In 1282 five arches collapsed under the pressure of winter ice. These, too, were rebuilt, and the bridge, though often in a state of disrepair, survived as London’s sole crossing of the Thames until 1750. In that year Westminster Bridge opened, despite opposition from City merchants.
Shortly thereafter the City decided to repair Peter of Colechurch’s bridge, and the project was given to Charles Labelye, designer of the Westminster Bridge. By 1762 all the houses were removed, the carriageway was widened to 14 metres (46 feet), and the two central arches were replaced by one great arch at mid-span.

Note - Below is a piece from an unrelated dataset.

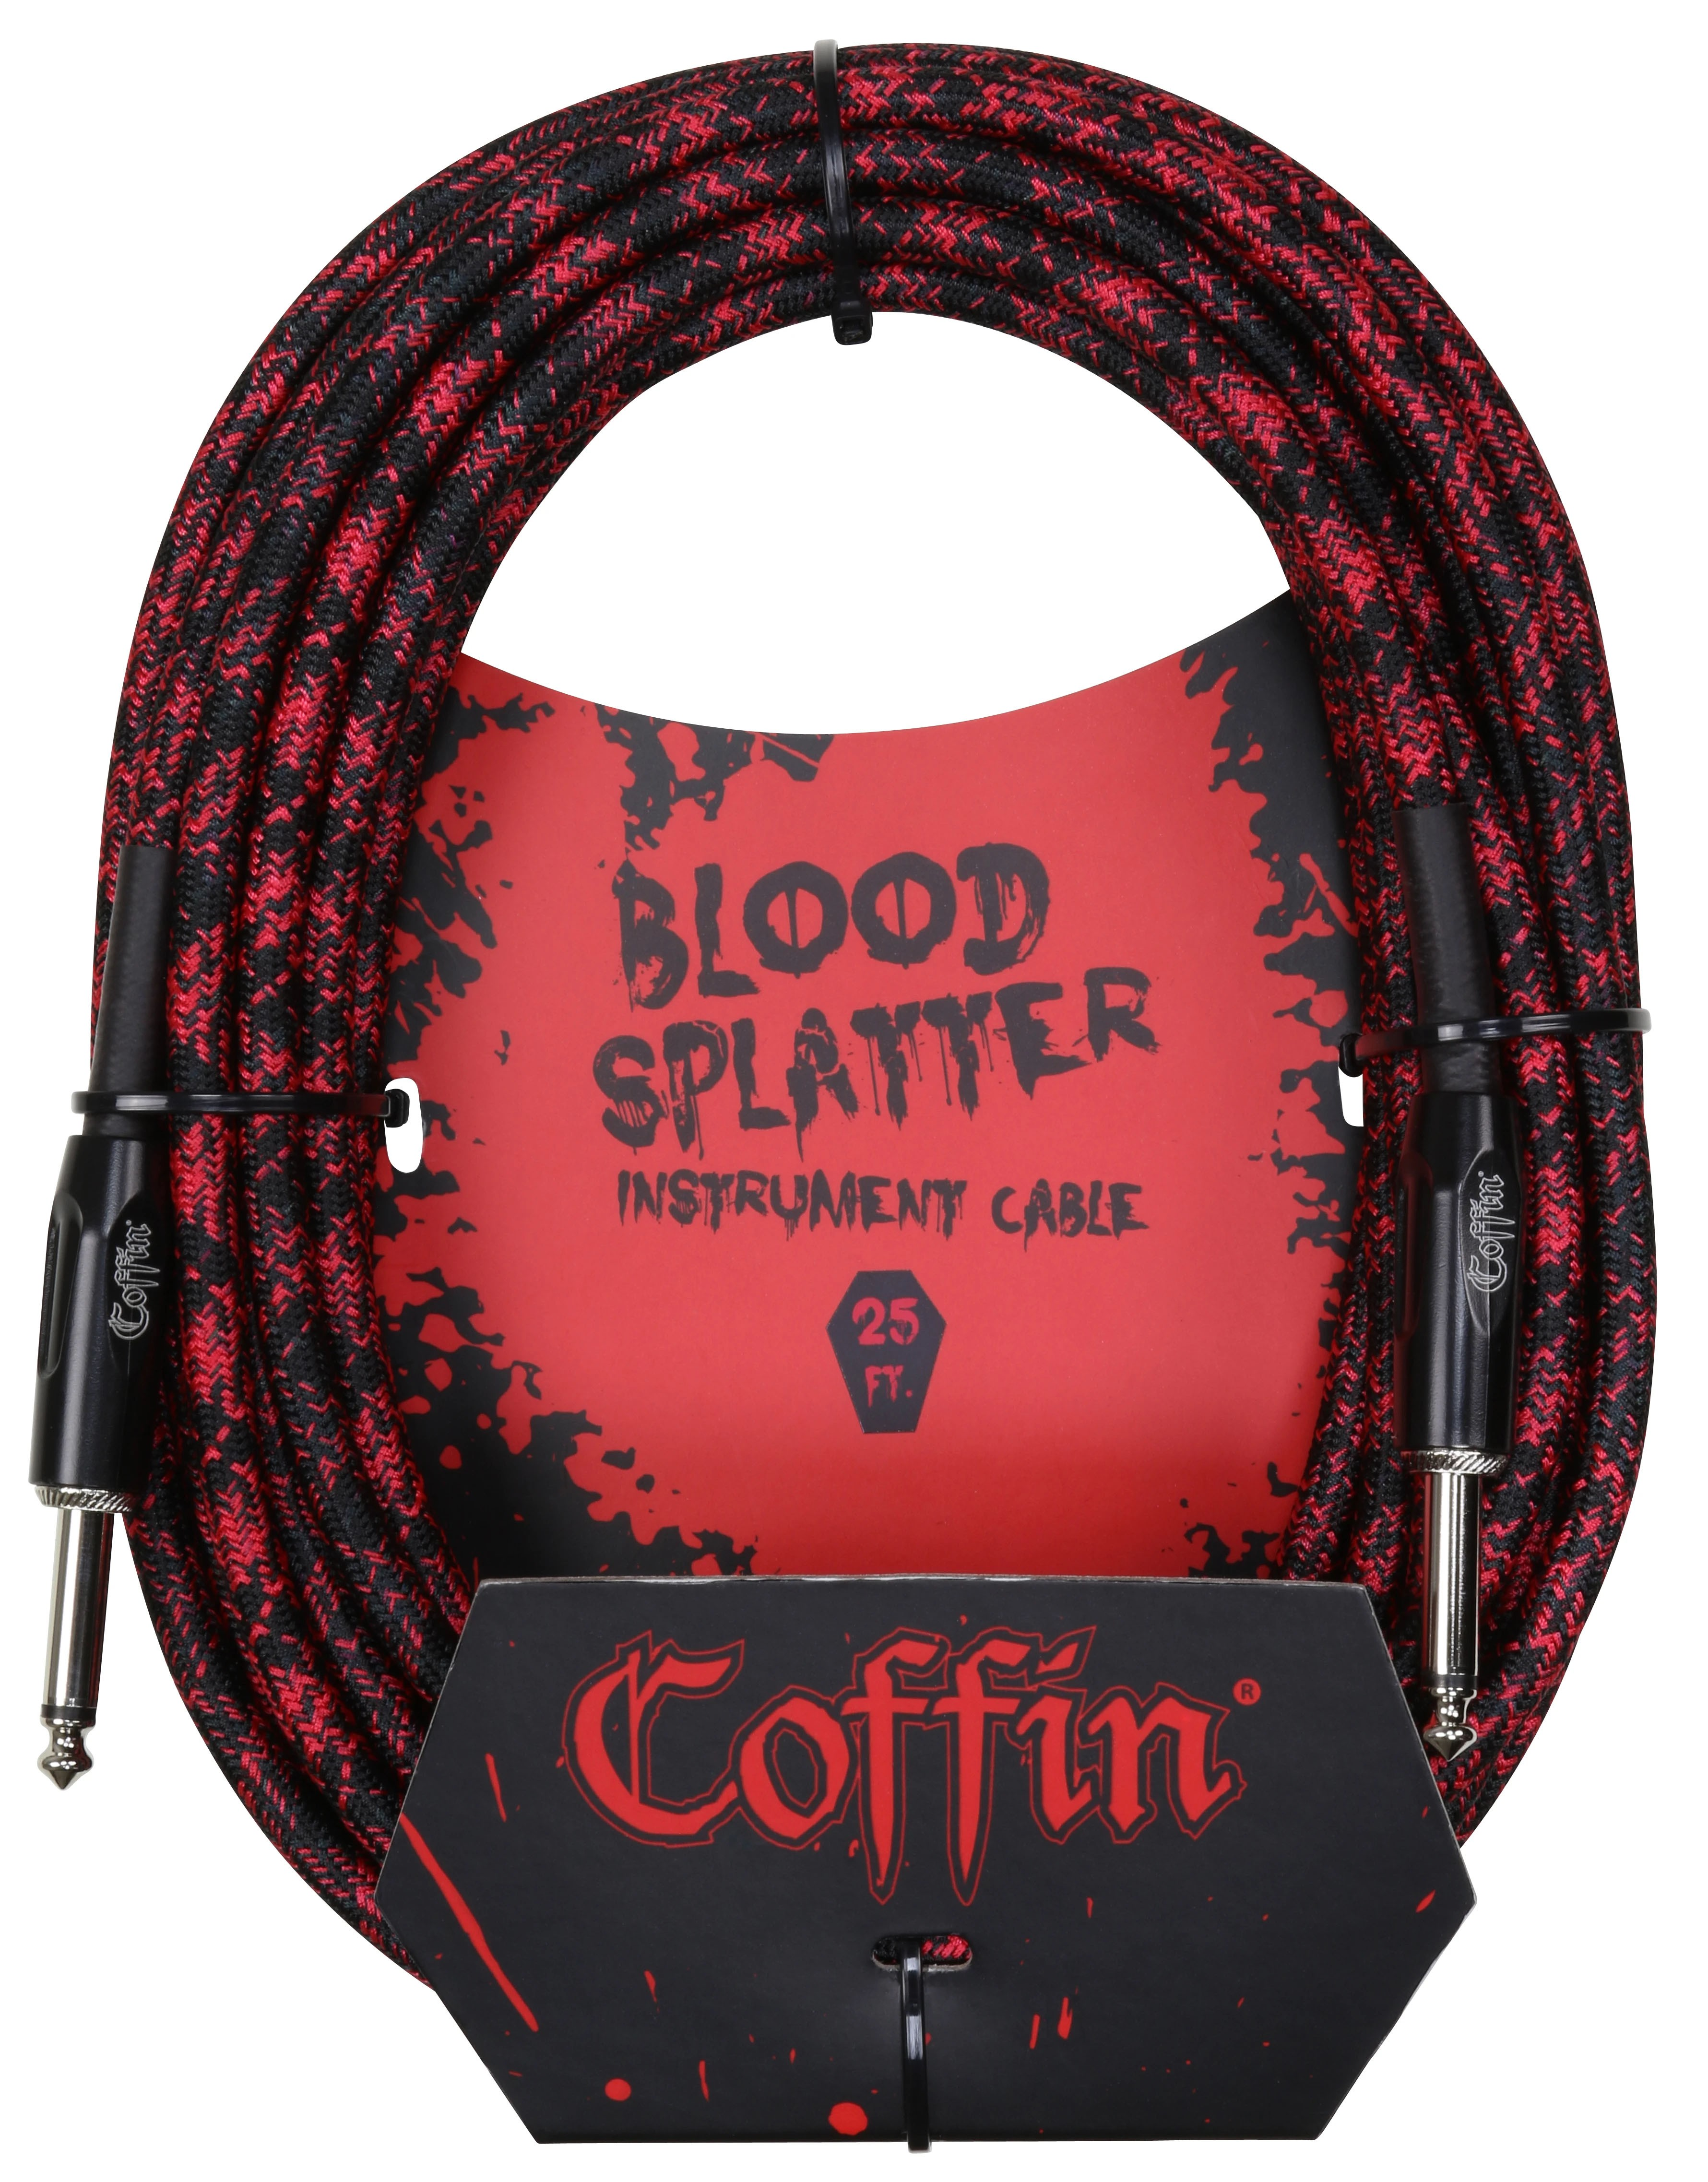 Coffin Case Bloodsplatter Instrument Cable 25ft - Straight

The removal of the central pier led to serious erosion of the riverbed, and gravel was constantly poured to protect the remaining piers. Finally the maintenance became too much of a burden, and the City asked the renowned engineer John Rennie to design a wholly new structure several yards upstream.
New London Bridge
For the new structure, Rennie proposed five semielliptical stone arches, with the central span reaching 46 metres (150 feet), the next two 43 metres (140 feet), and the two shore spans 40 metres (130 feet). Rennie died in 1821 before work began, and the job was left to his two sons.
George Rennie had actually made the design in 1820, but construction was conducted under John Rennie, Jr, beginning in 1824. In 1831 King William IV and Queen Adelaide arrived by water to celebrate the opening of the new bridge. Demolition of the ancient structure began that year, and by 1832 it disappeared, having served 622 years.
Rennie’s bridge survived less than 140 years. Between 1968 and 1971 its facing stone was dismantled and shipped across the Atlantic Ocean to the US state of Arizona, where it was re-erected on a five-span core of reinforced concrete to serve as a tourist attraction at the resort town of Lake Havasu City. The New London Bridge now crosses Lake Havasu behind Parker Dam, 250km south of Hoover Dam on the Colorado River.
Modern London Bridge
The current London Bridge, built between 1968 and 1972, replaced Rennie’s stone arches with beams of prestressed concrete reaching 104 metres (340 feet) in the central span.
Construction was carried out using the cantilever method, with segments being built outward from two piers, each segment tied to the previous one by high-strength steel tendons.
In the centre the two cantilevers did not meet but stopped short, leaving a space into which the builders placed a concrete beam to complete the span. The design represents a major post-World War II innovation in bridge engineering, but the bridge itself is not of great historical significance.